◆ **WORKING DATA**:
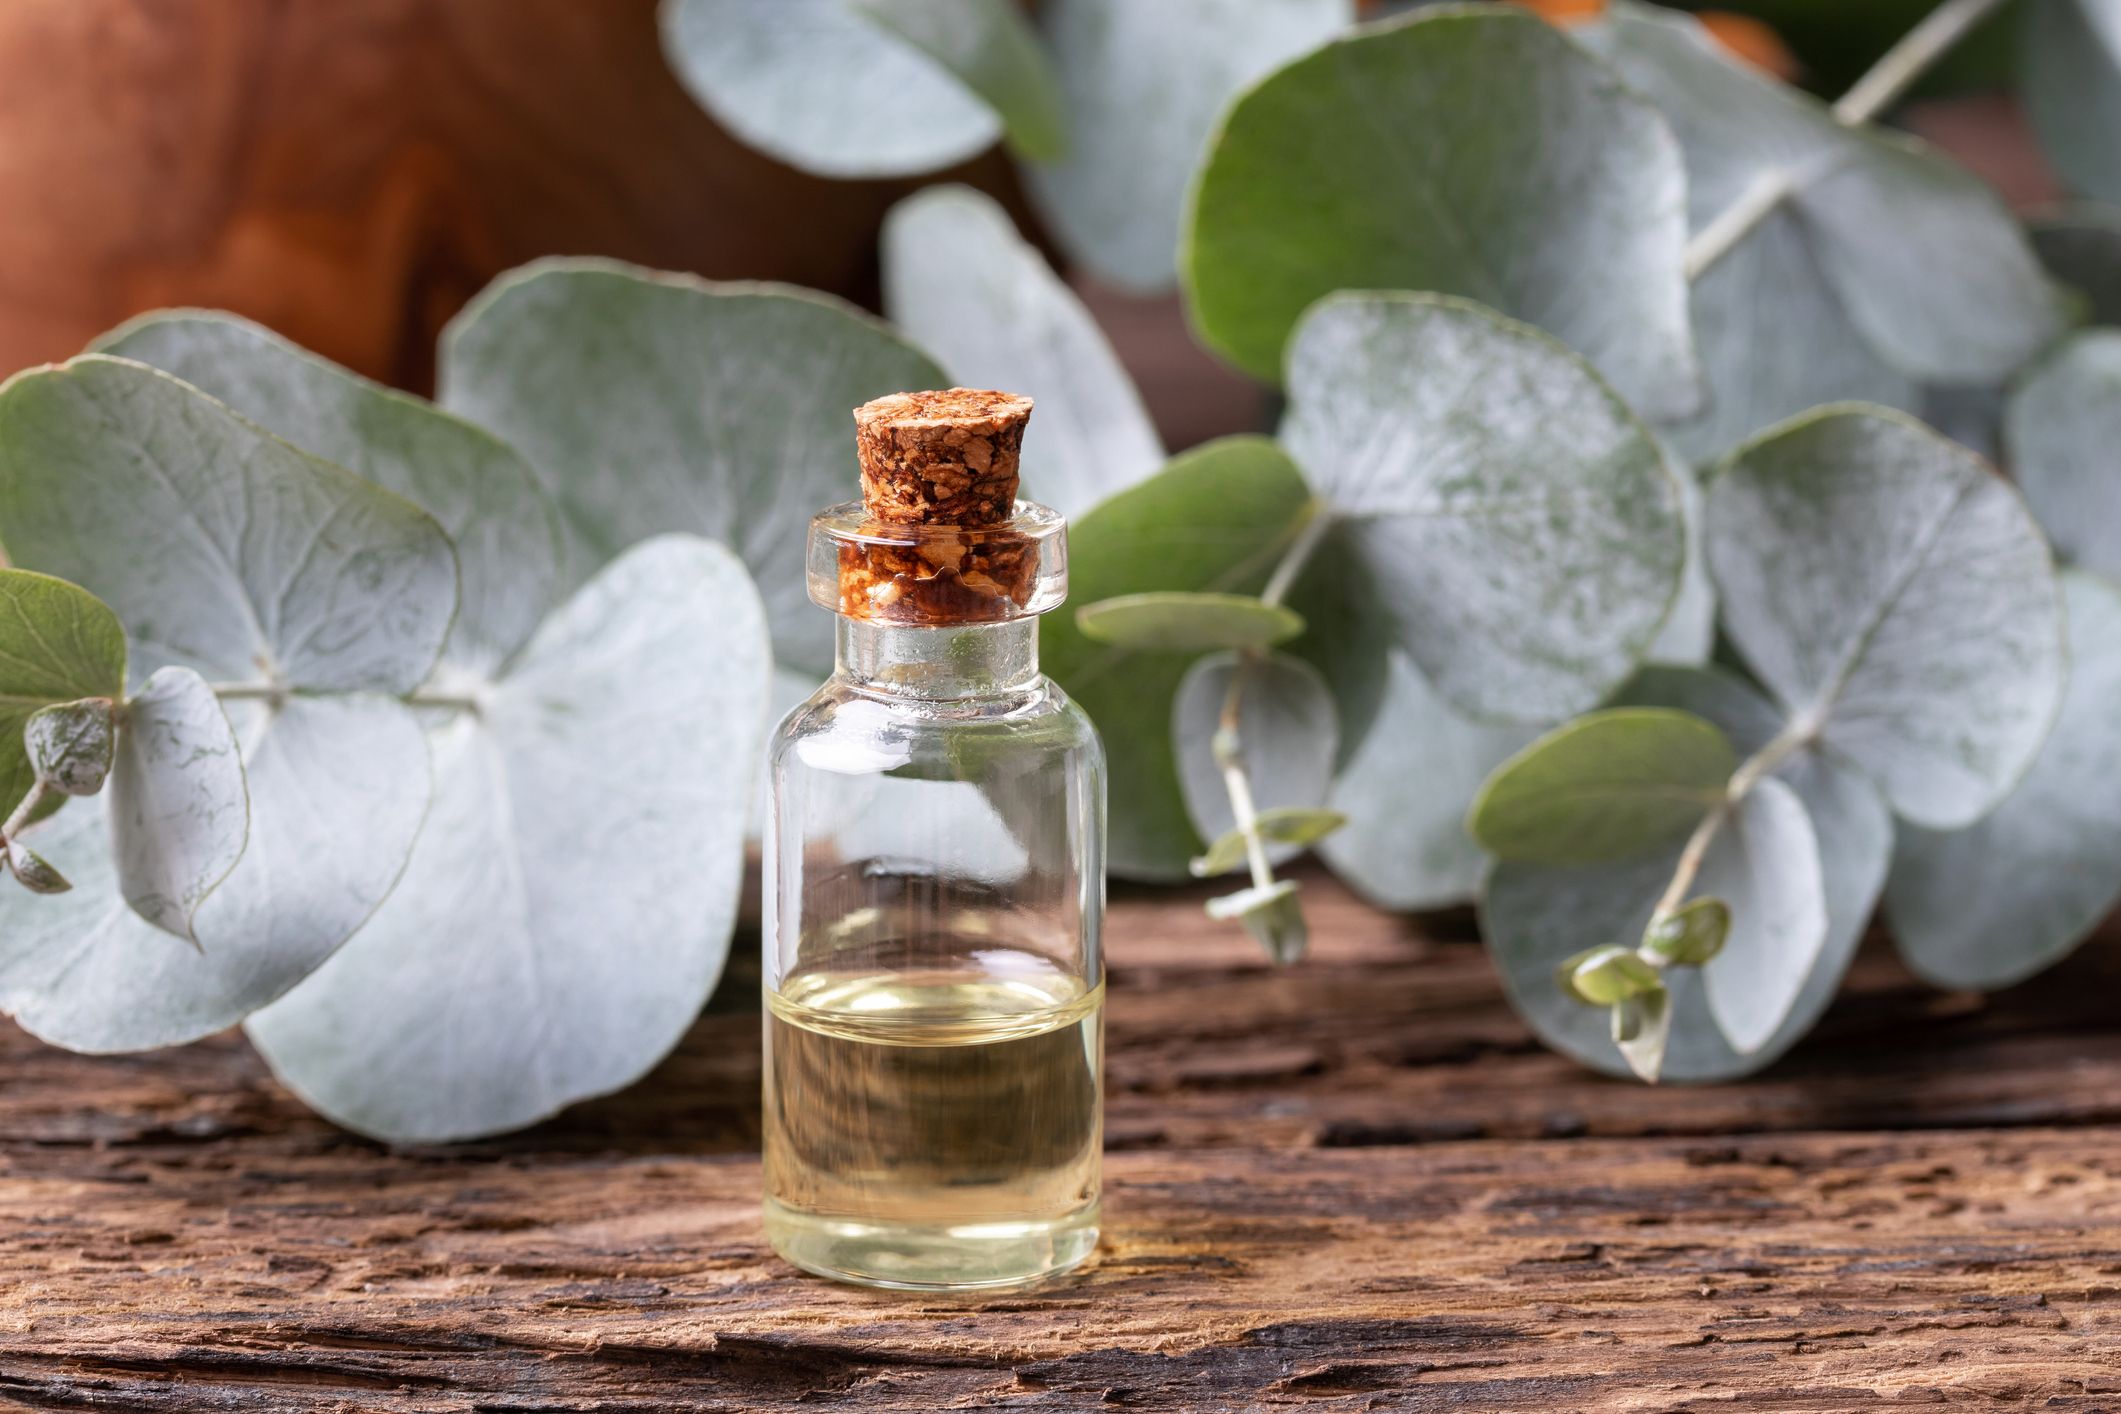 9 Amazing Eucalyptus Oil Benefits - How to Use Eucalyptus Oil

---

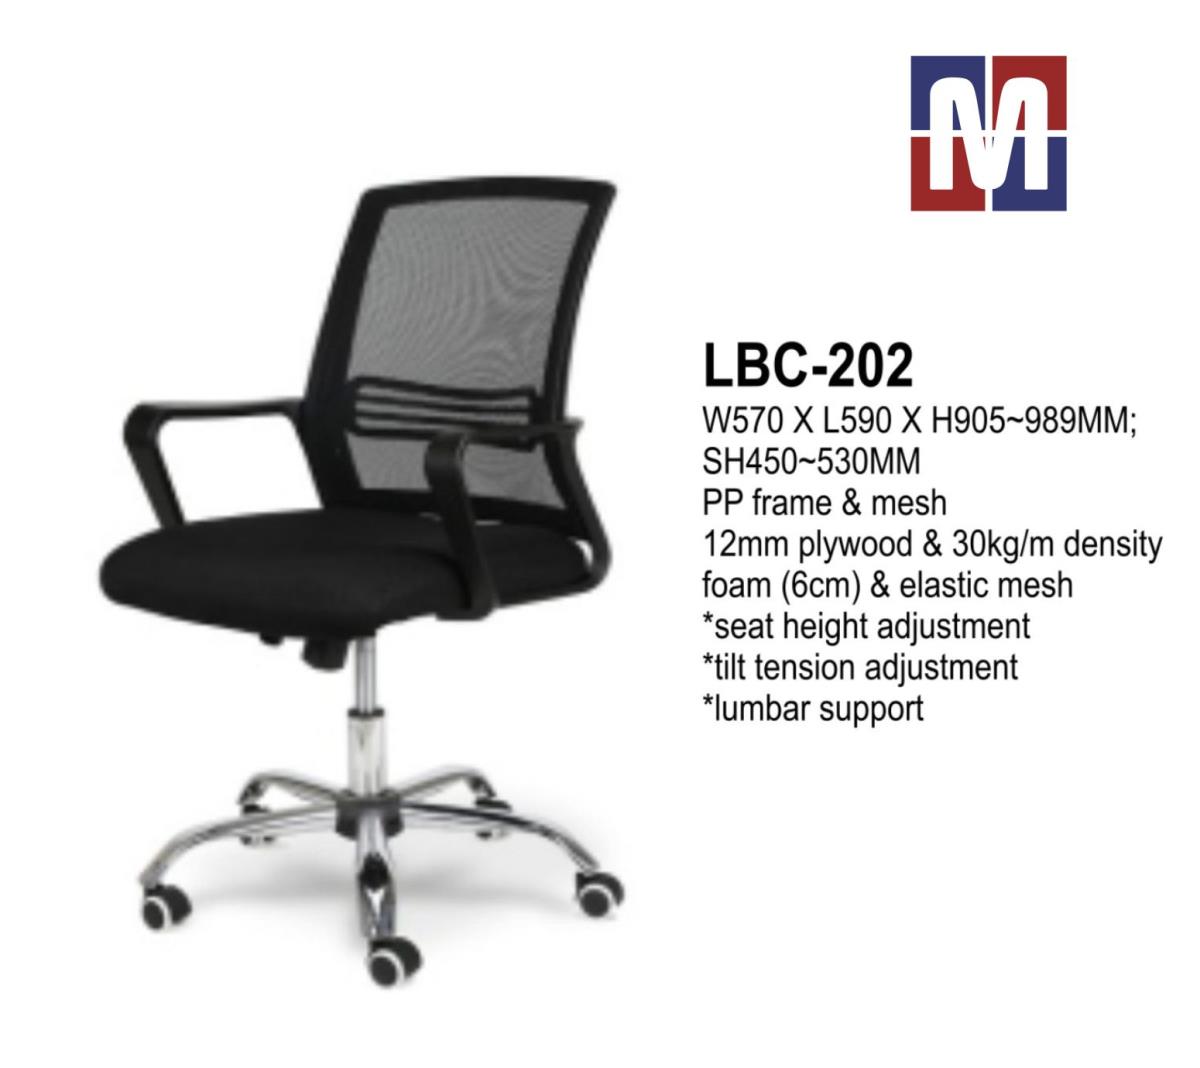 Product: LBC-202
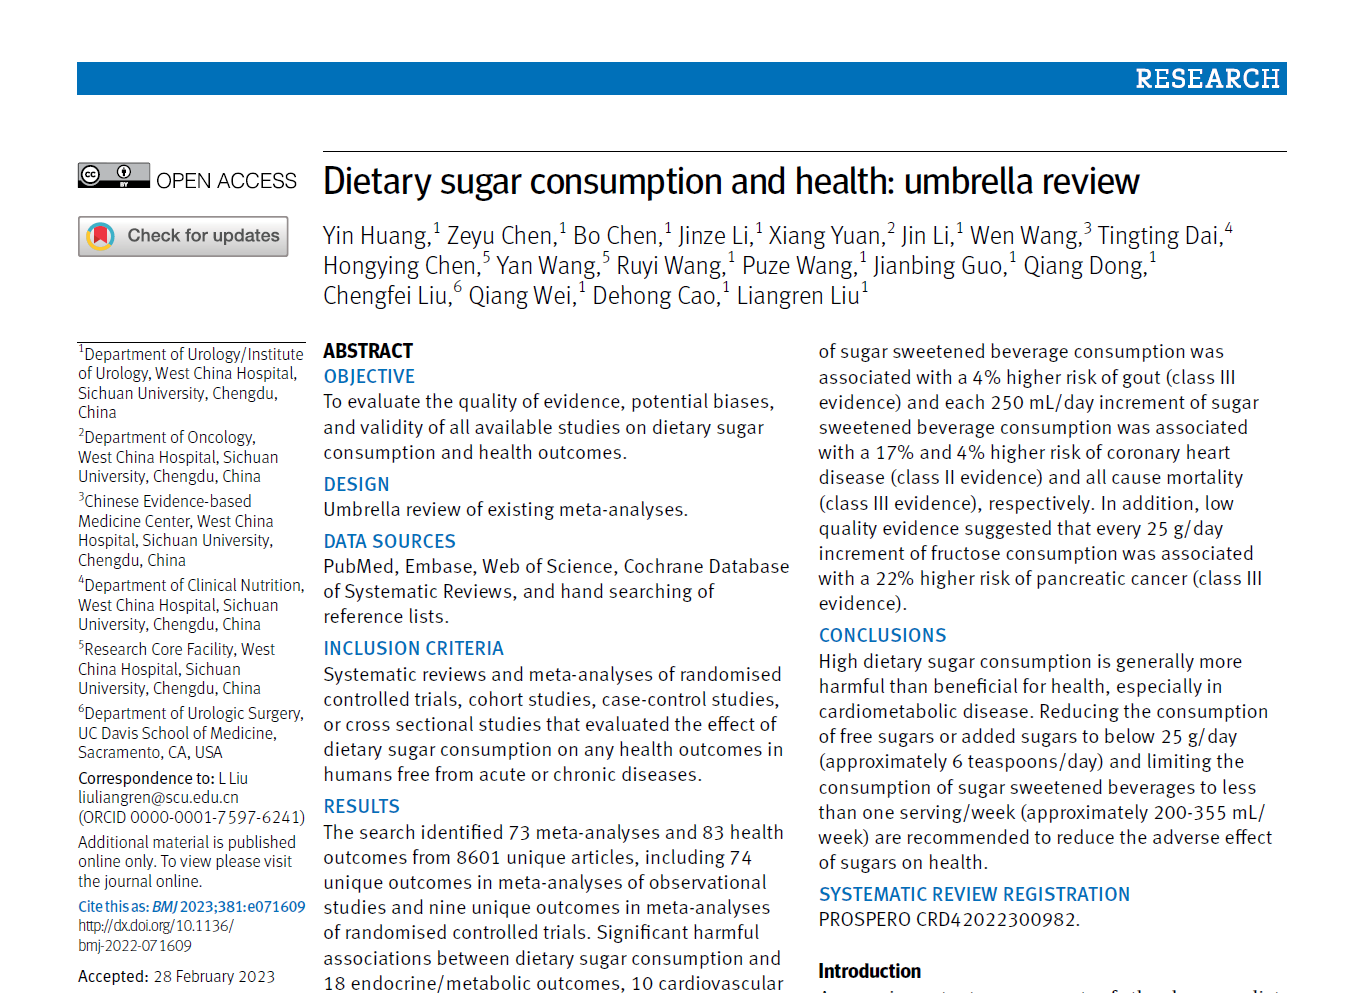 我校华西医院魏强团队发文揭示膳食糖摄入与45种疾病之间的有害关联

◆ **TO DO**: Look above and copy only the lines from the one holding "Product: LBC-202" to the one holding "我校华西医院魏强团队发文揭示膳食糖摄入与45种疾病之间的有害关联", both included, exactly, minus the pictures.

◆ **ANSWER SECTION**:
 Product: LBC-202
 我校华西医院魏强团队发文揭示膳食糖摄入与45种疾病之间的有害关联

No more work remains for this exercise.